### DESCRIPTION OF THE TASK
Start at the line that contains "1925 TUTTLE_AYERS_Plate 35.JPG" in the listing below and extract every line through the last, exactly; leave pictures out.

### COLLECTED DATA
>>
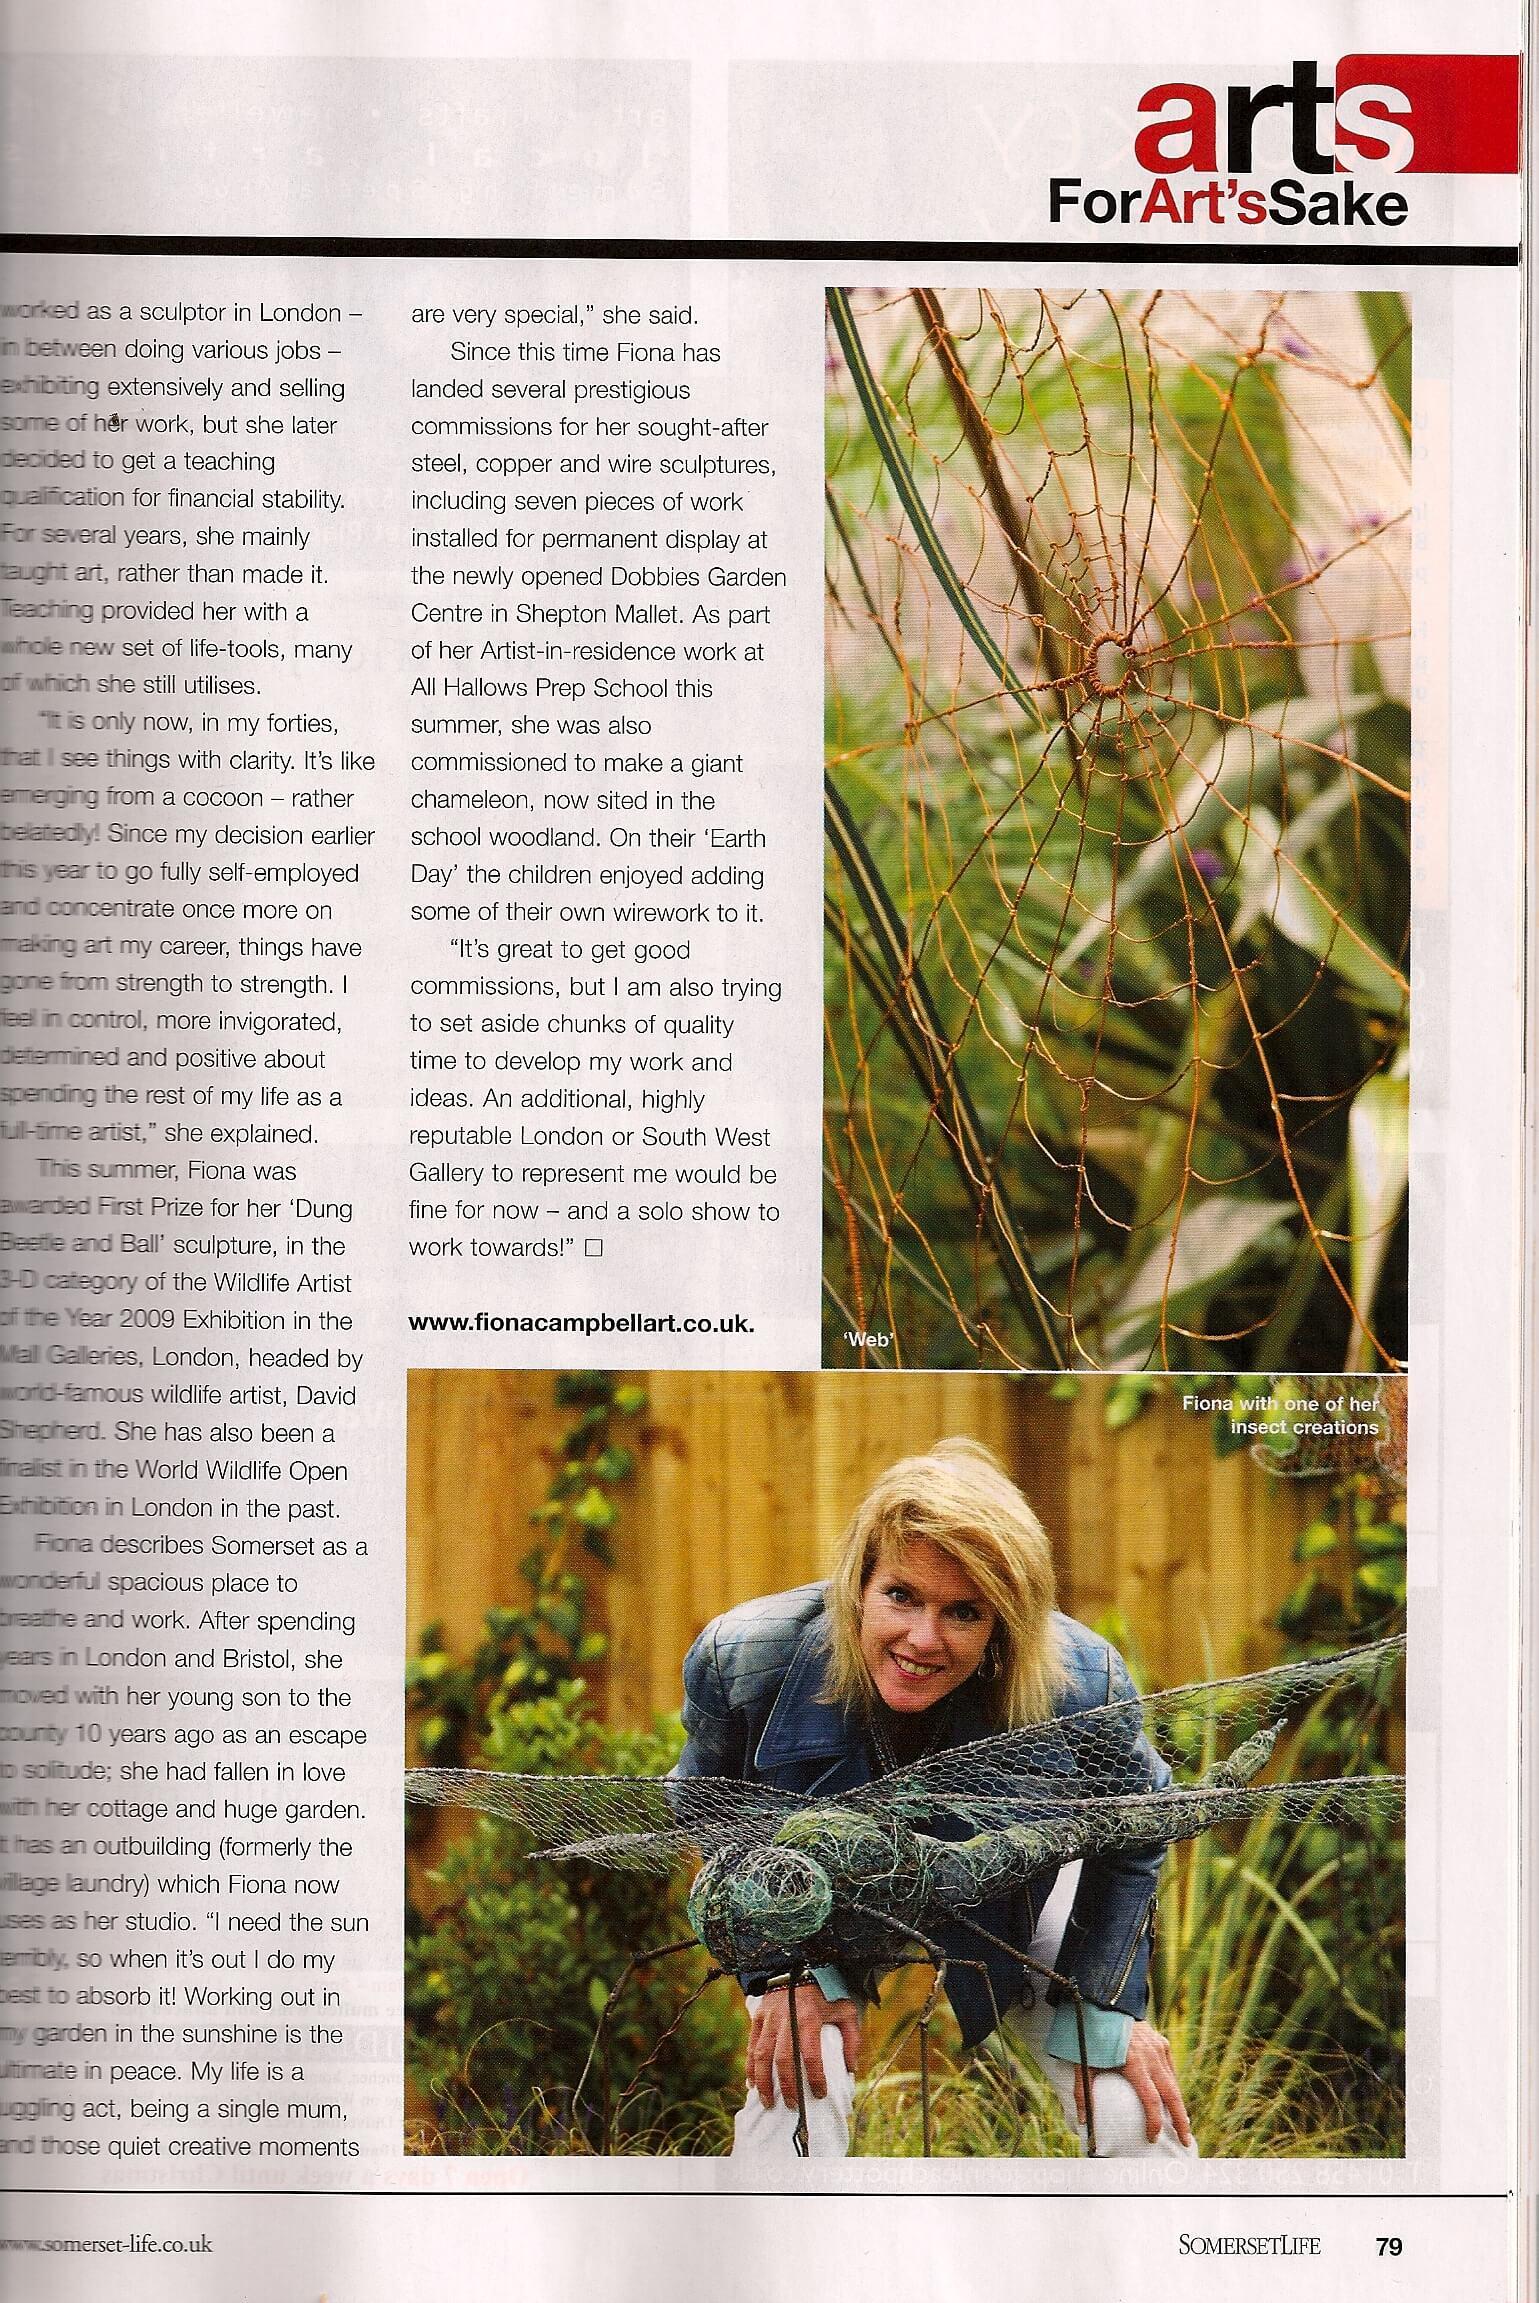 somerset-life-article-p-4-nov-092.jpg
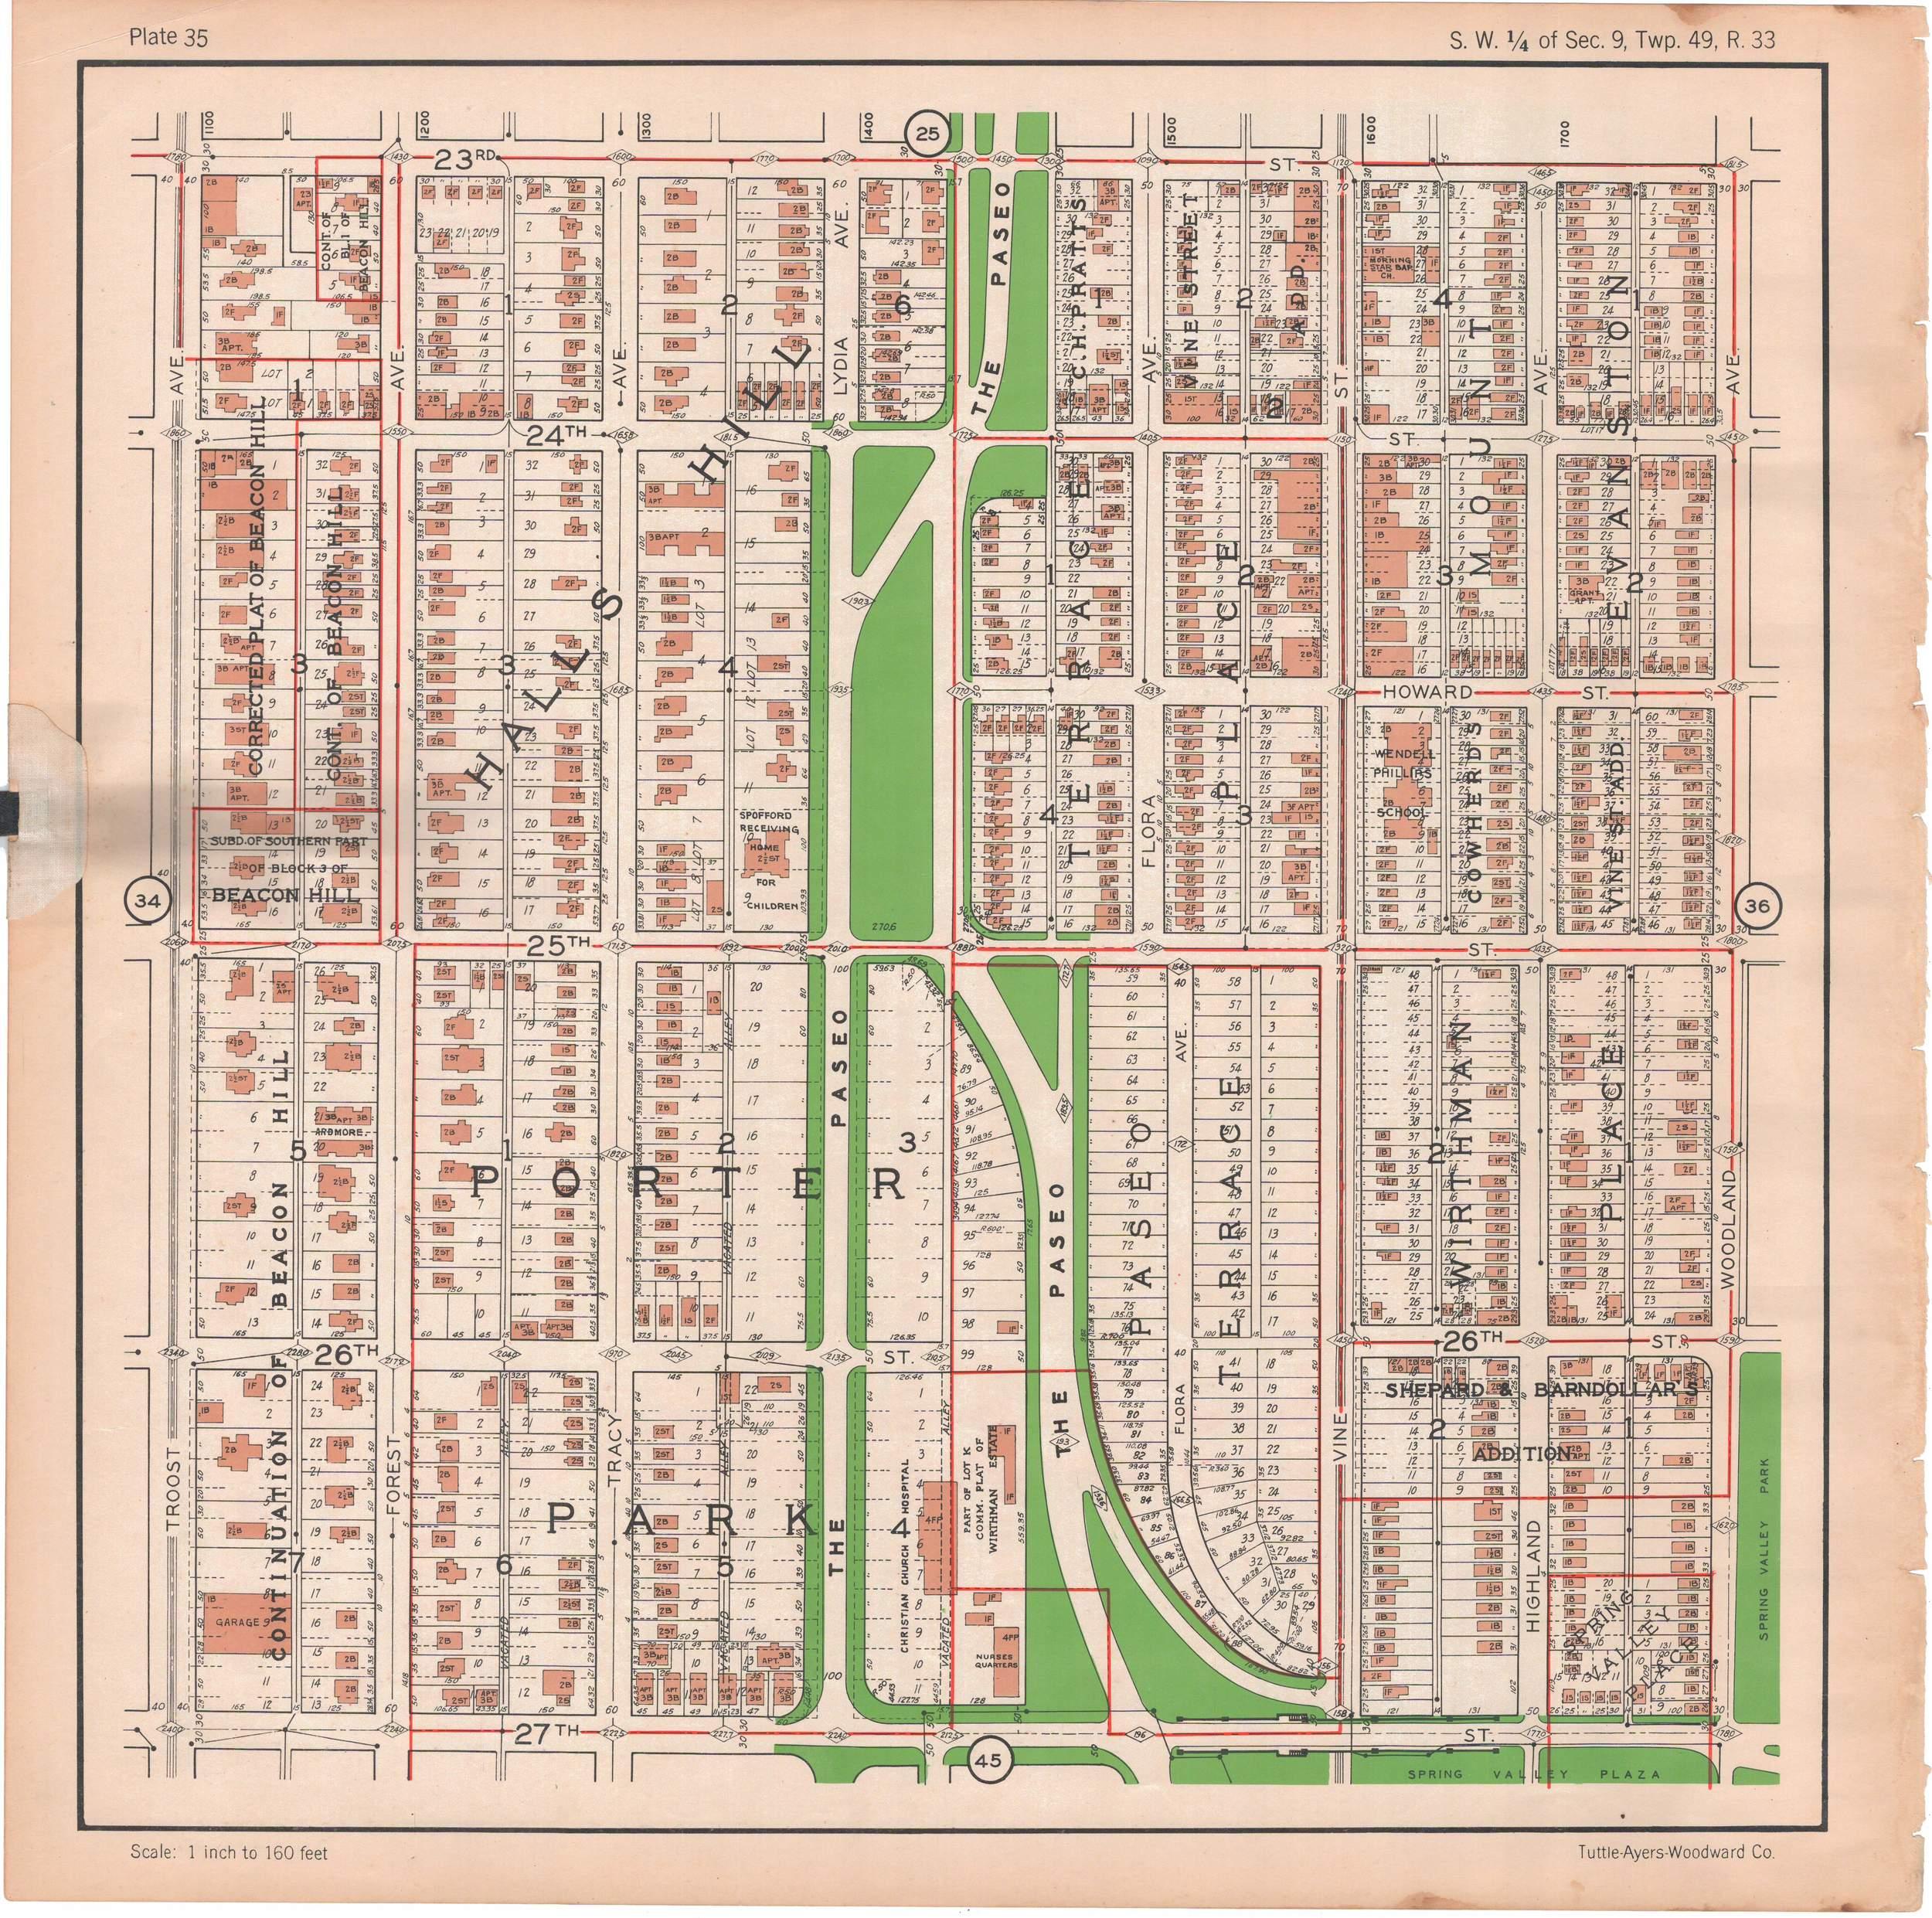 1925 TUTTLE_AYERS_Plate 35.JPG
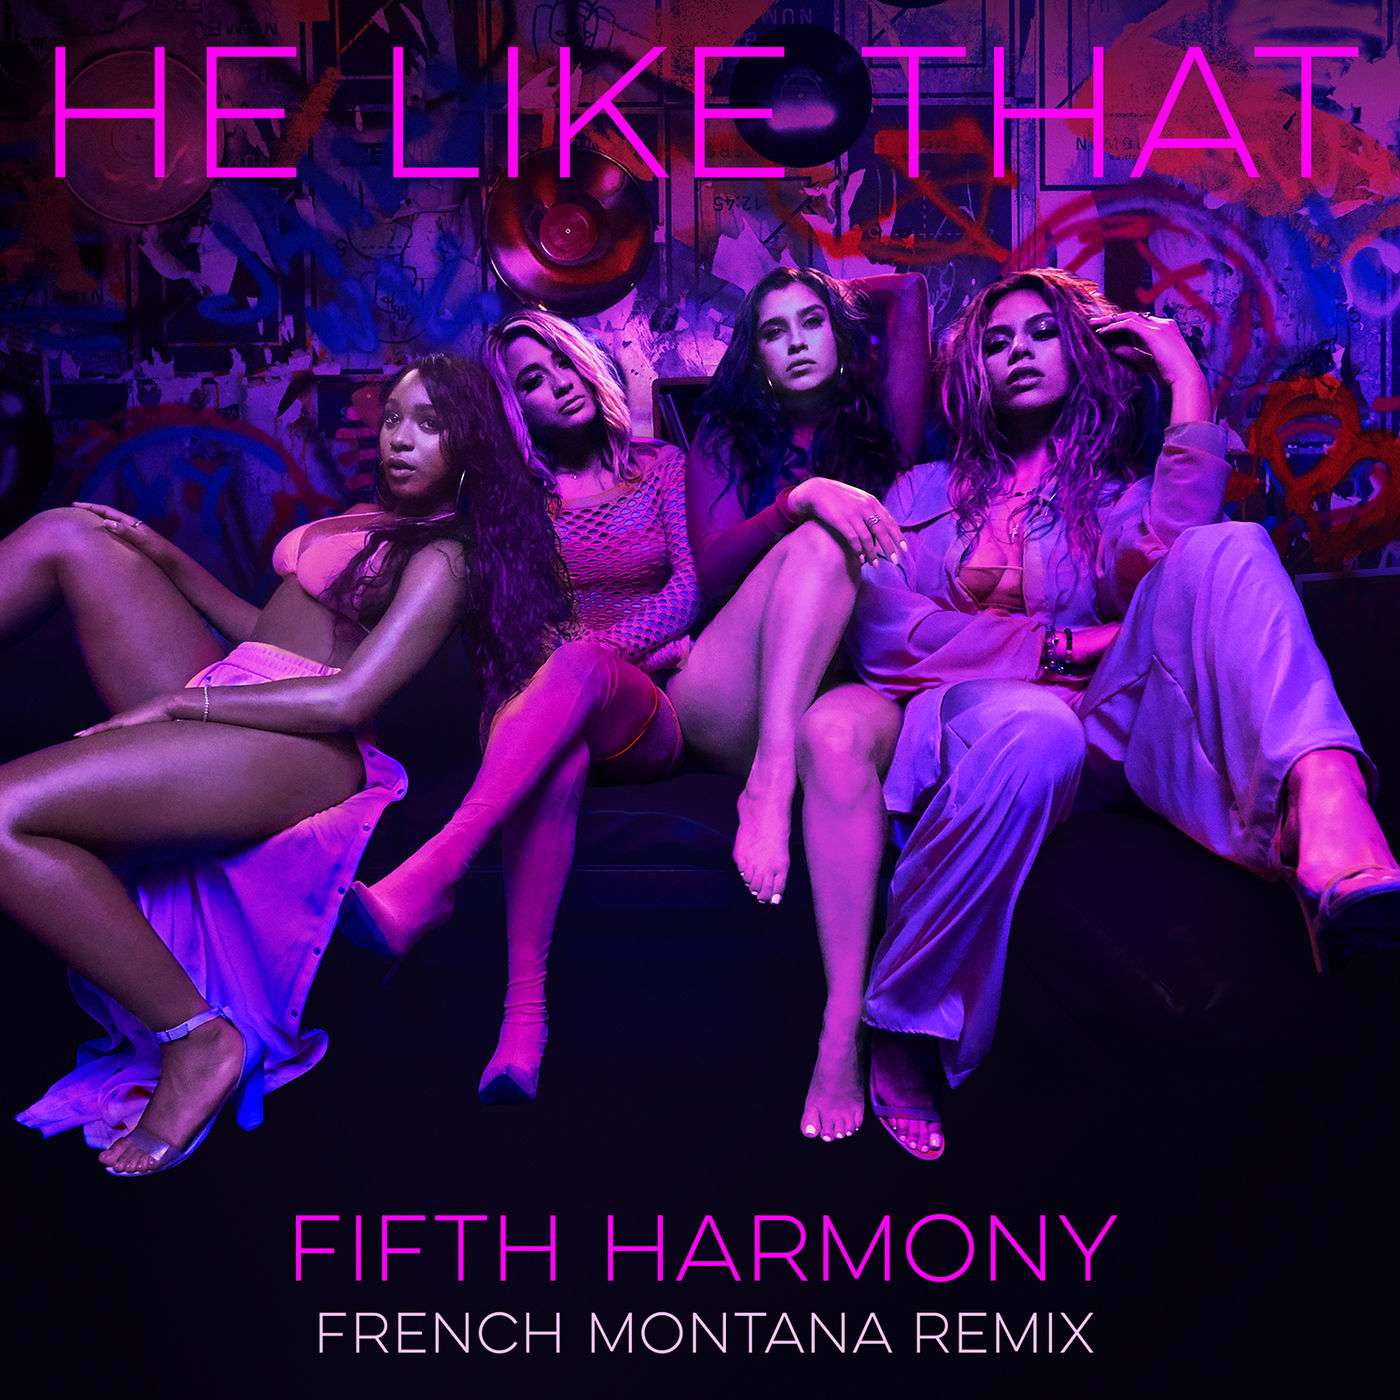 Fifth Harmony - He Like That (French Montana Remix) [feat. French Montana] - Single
<<
### ANSWER
 1925 TUTTLE_AYERS_Plate 35.JPG
 Fifth Harmony - He Like That (French Montana Remix) [feat. French Montana] - Single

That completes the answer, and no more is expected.